• **TASK BRIEF**: If an entry holds a picture, skip the picture but copy everything else exactly.
══ PROVIDED DATA ══
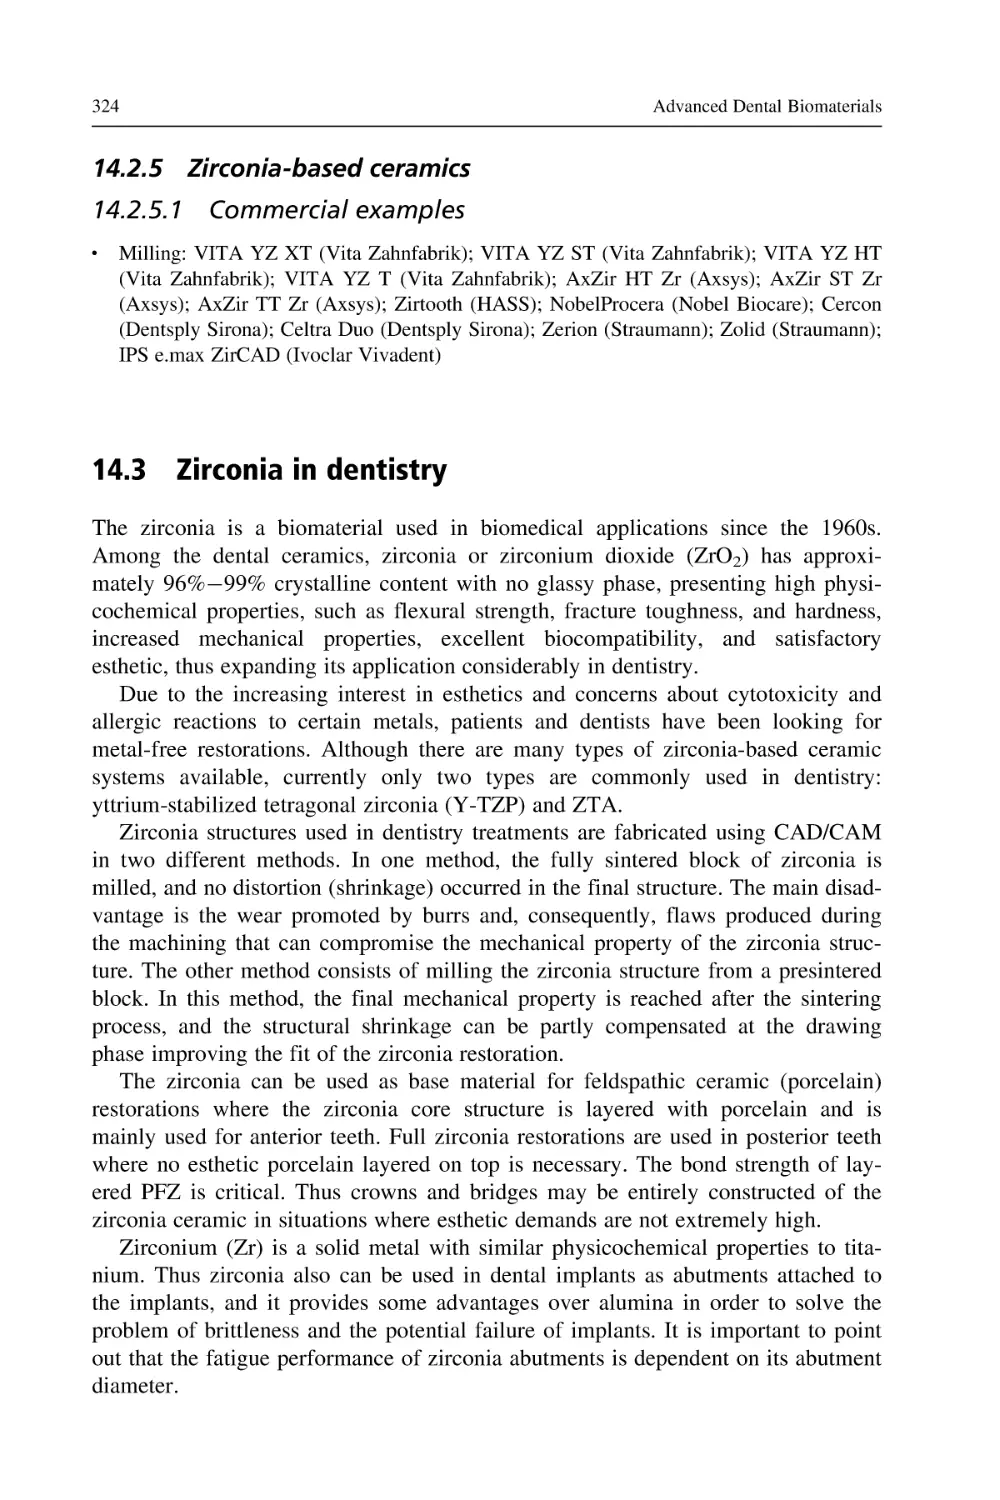 14.2.5 Zirconia-based ceramics
14.2.5.1 Commercial examples
14.3 Zirconia in dentistry
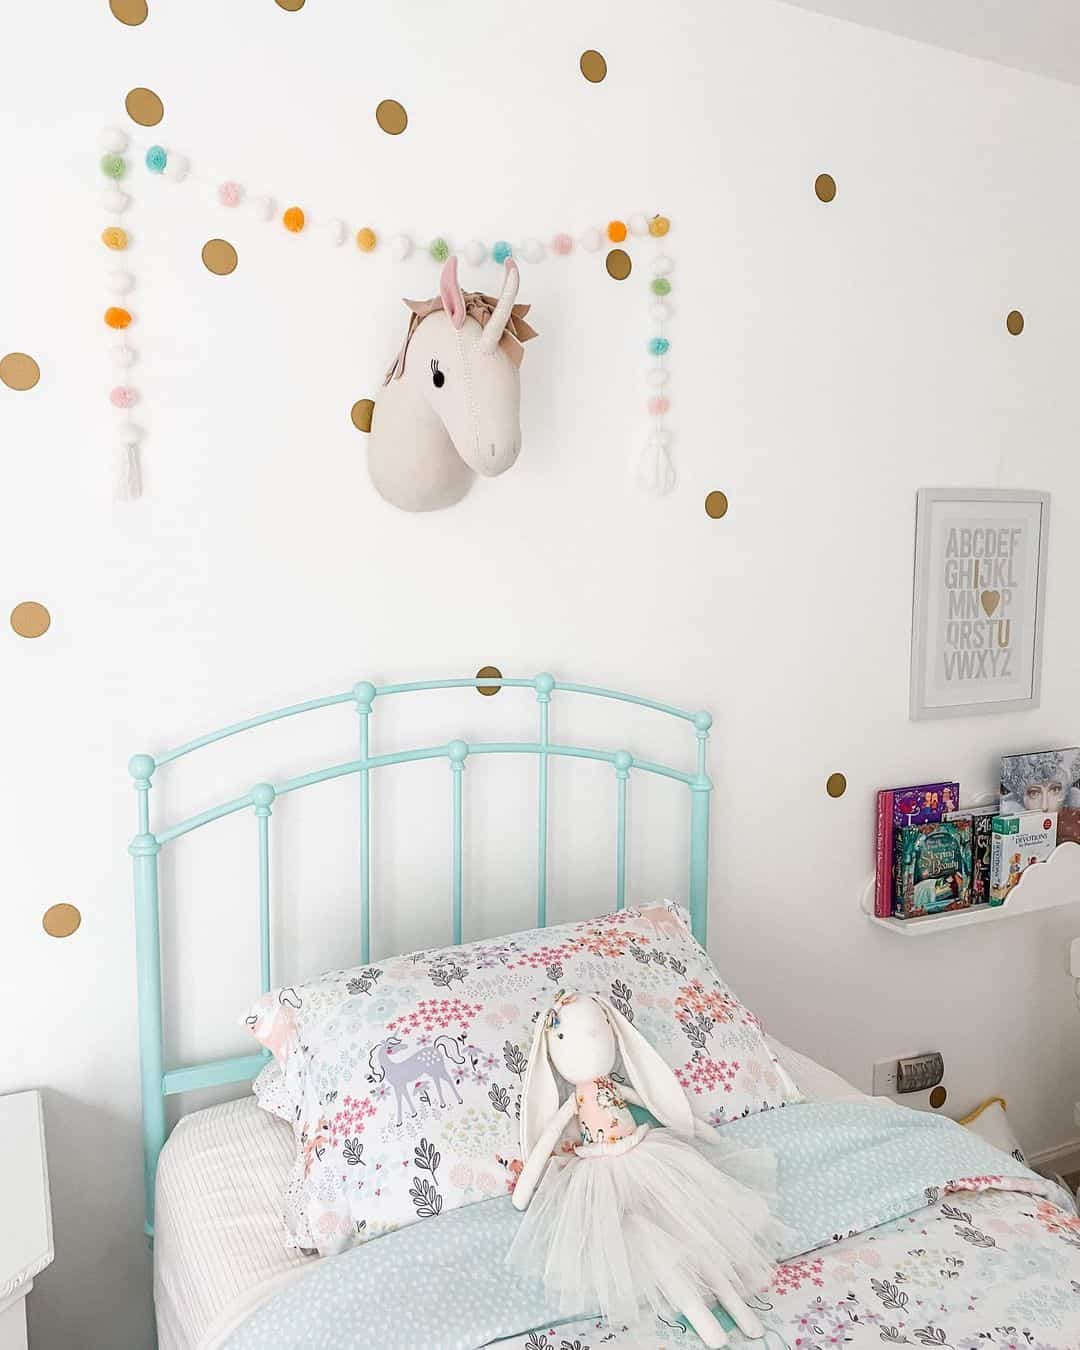 Unicorn Accessories in a Polka-dot Bedroom - Soul & Lane
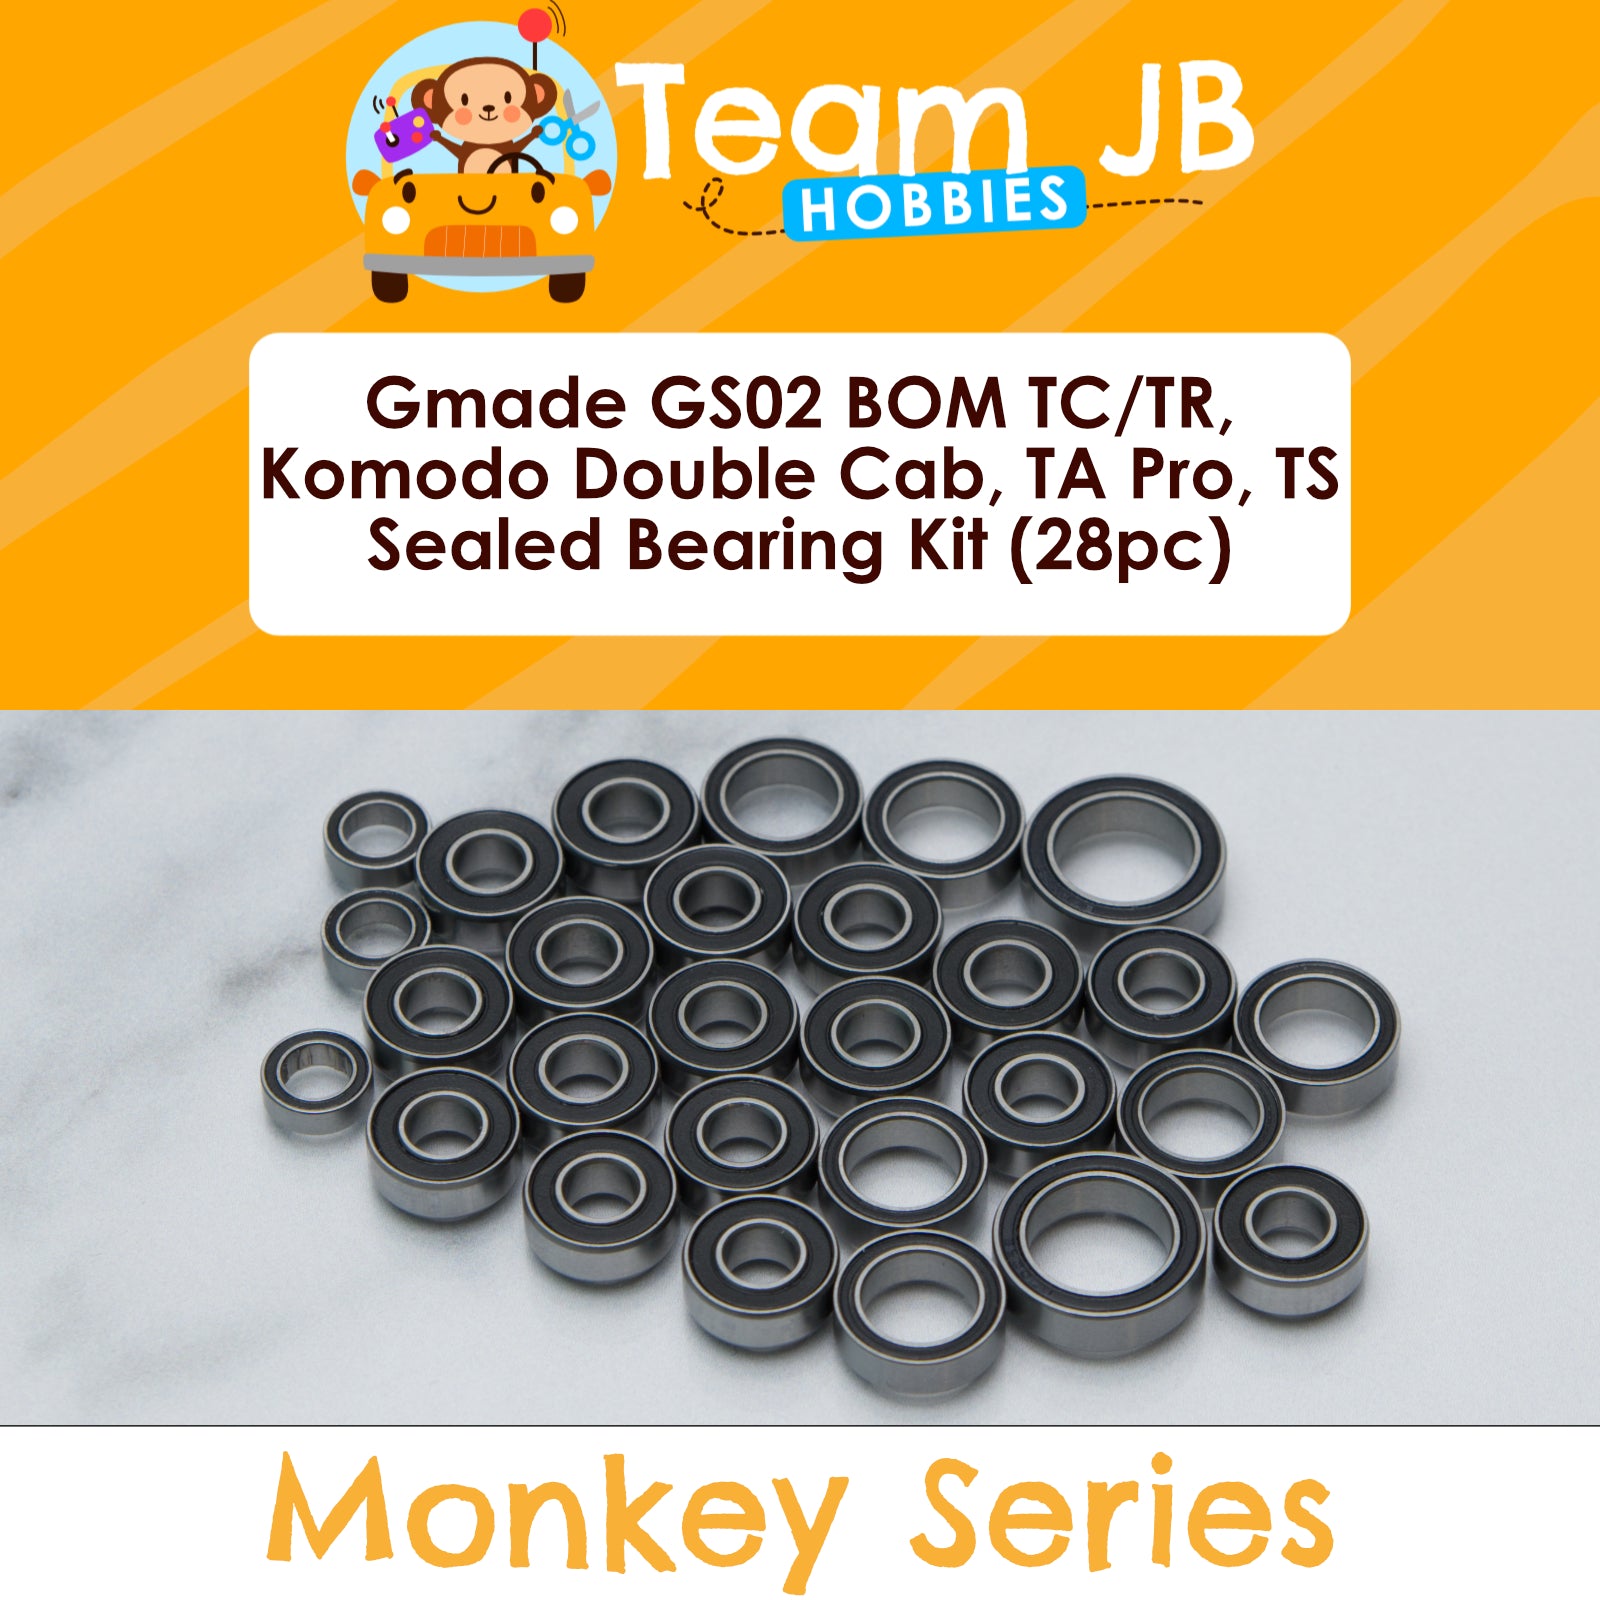 Gmade GS02 BOM TC/TR, Komodo Double Cab, TA Pro, TS - Sealed Bearing Kit
═══
• **ANSWER SECTION**:
 14.2.5 Zirconia-based ceramics
14.2.5.1 Commercial examples
14.3 Zirconia in dentistry
 Unicorn Accessories in a Polka-dot Bedroom - Soul & Lane
 Gmade GS02 BOM TC/TR, Komodo Double Cab, TA Pro, TS - Sealed Bearing Kit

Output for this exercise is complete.